Based on findings from the case company, we recommend implementing a user interface, potentially supported by a large language model, alongside the knowledge graph. Integrating this interface is expected to accelerate information retrieval and enhance user interconnectivity, fostering collaboration. This hypothesis will be investigated in future research.
7. Conclusion and outlook
In this paper, we presented a method for constructing a knowledge graph to support virtual product development by enhancing data management and collaboration among diverse engineering teams. The process of building this knowledge graph was outlined, including the investigation of relevant data, the definition of specific user roles and use-cases, the creation of the ontology, and the implementation of the graph with a specific data format. The knowledge graph organizes and connects different elements such as CAD models, requirements, geometrical objects and user information, offering a structured foundation for retrieving and analyzing information across the virtual product development process. While the proposed approach demonstrates potential for improving collaboration, further evaluation is needed to validate its effectiveness in practical applications. The method provides a scalable framework, adaptable to various industries and use-cases, with the potential to enhance workflows and enable more informed decision-making.

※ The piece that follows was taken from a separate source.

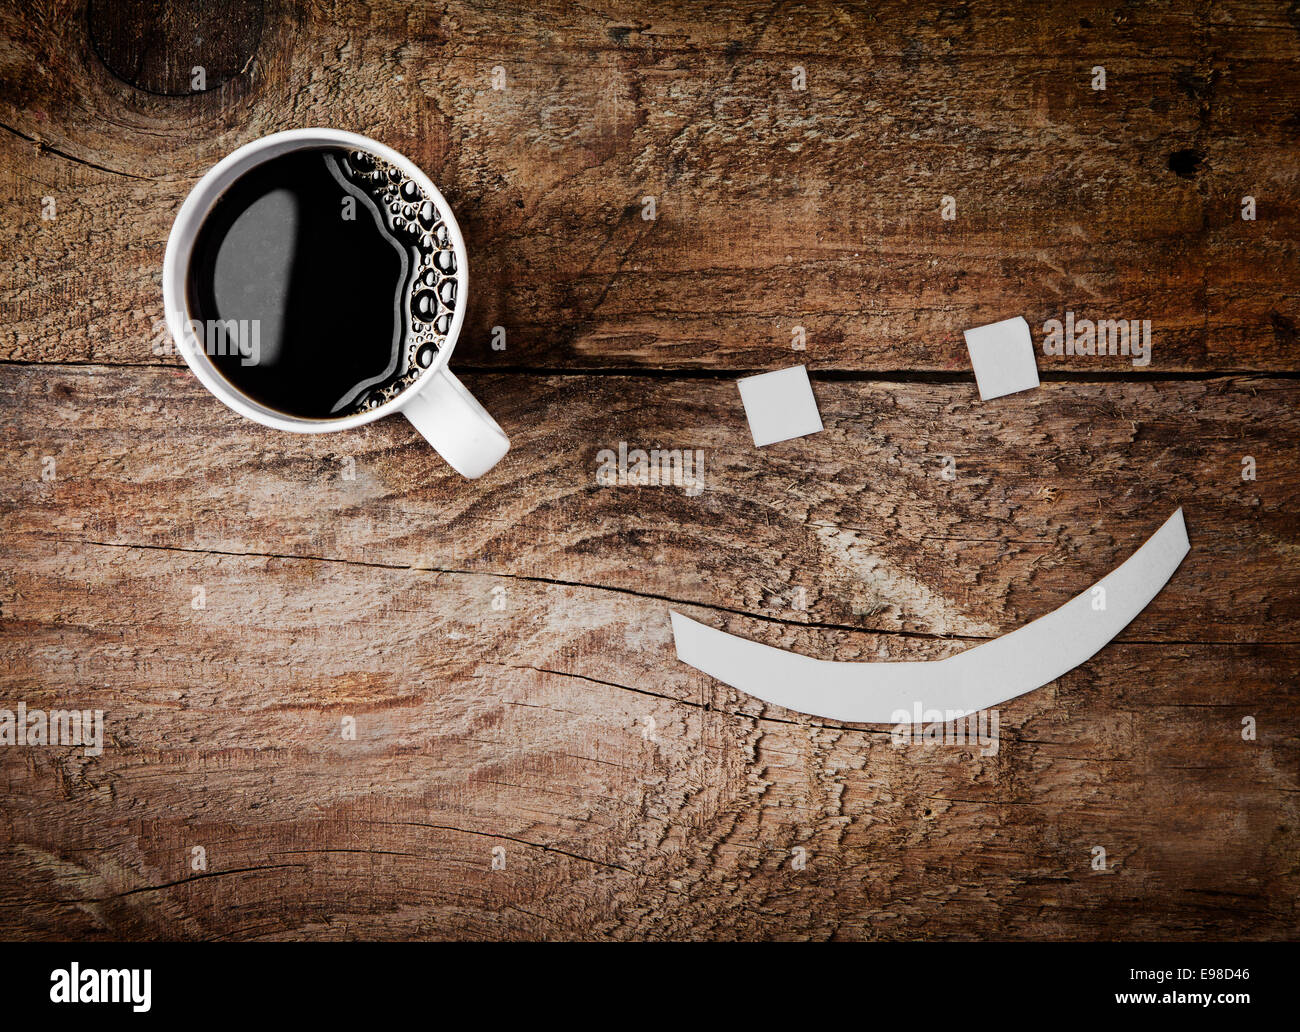 Vista aérea de una taza caliente de café espresso negro fuerte con una cara sonriente con ojos de cubos de azúcar sobre un fondo de madera con textura rugosa Foto de stock
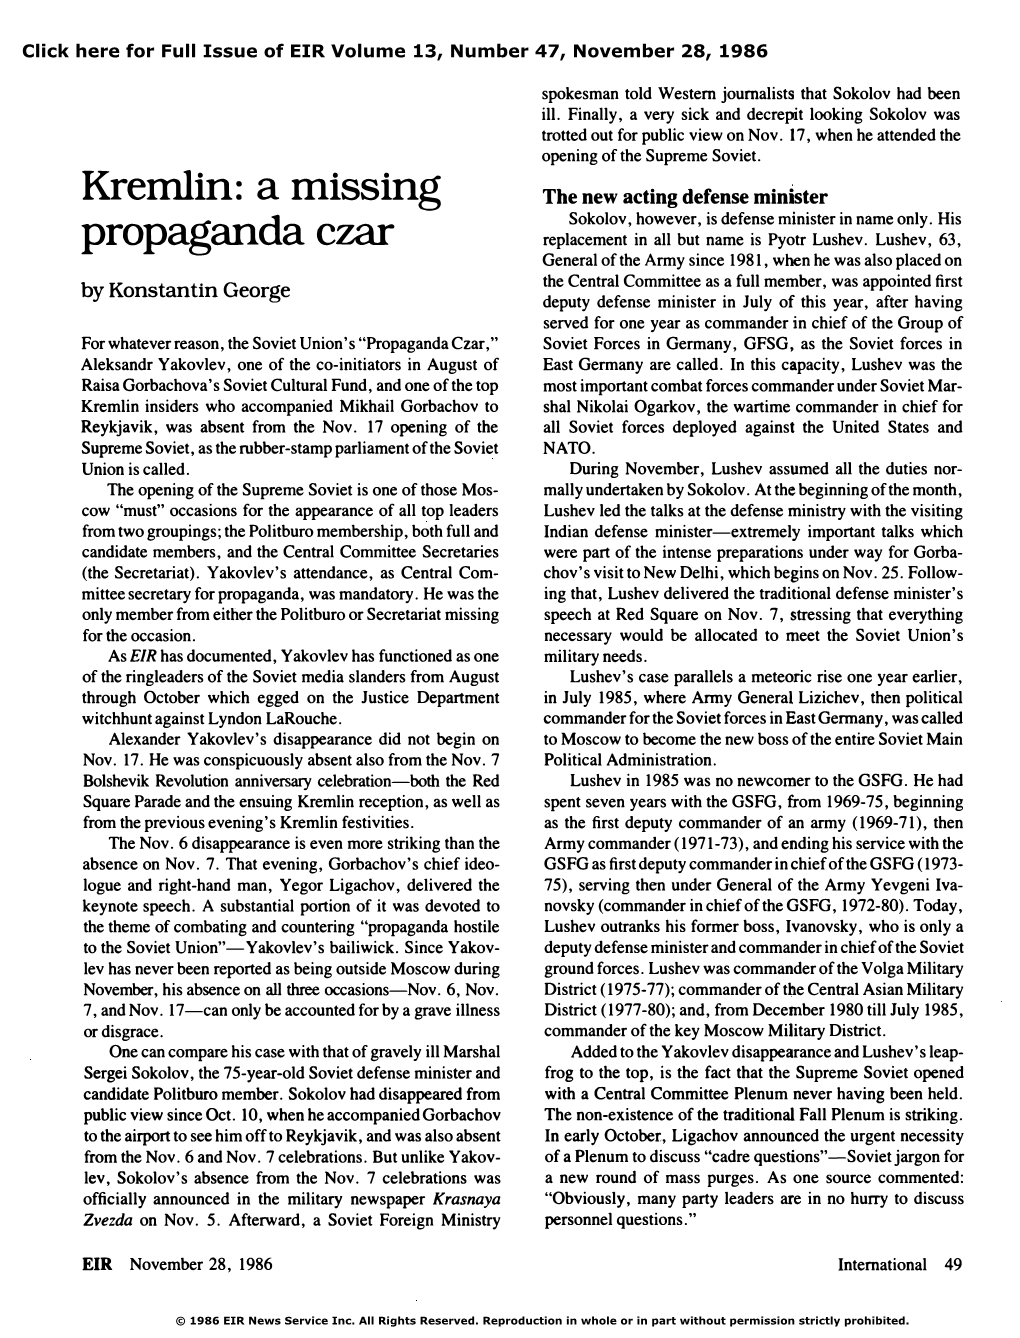 Kremlin: a Missing Propaganda Czar

Future steps involve applying machine learning algorithms, such as community detection or content recommendation tailored to specific users, to the graph to generate deeper insights. Other possibilities include link prediction and enhancing user-graph interaction through large language models and a user interface. Additionally, future work will focus on integrating the issue node into the graph to enable machine learning applications in issue resolution. This knowledge graph approach also holds potential beyond the collaboration improvement, offering increased data availability, flexibility, and transparency within virtual vehicle model, though this still requires evaluation in future research.
In conclusion, this approach presents itself as a promising tool for improving collaboration and overall supporting the virtual product development process, with the potential to ultimately reduce both development times and costs.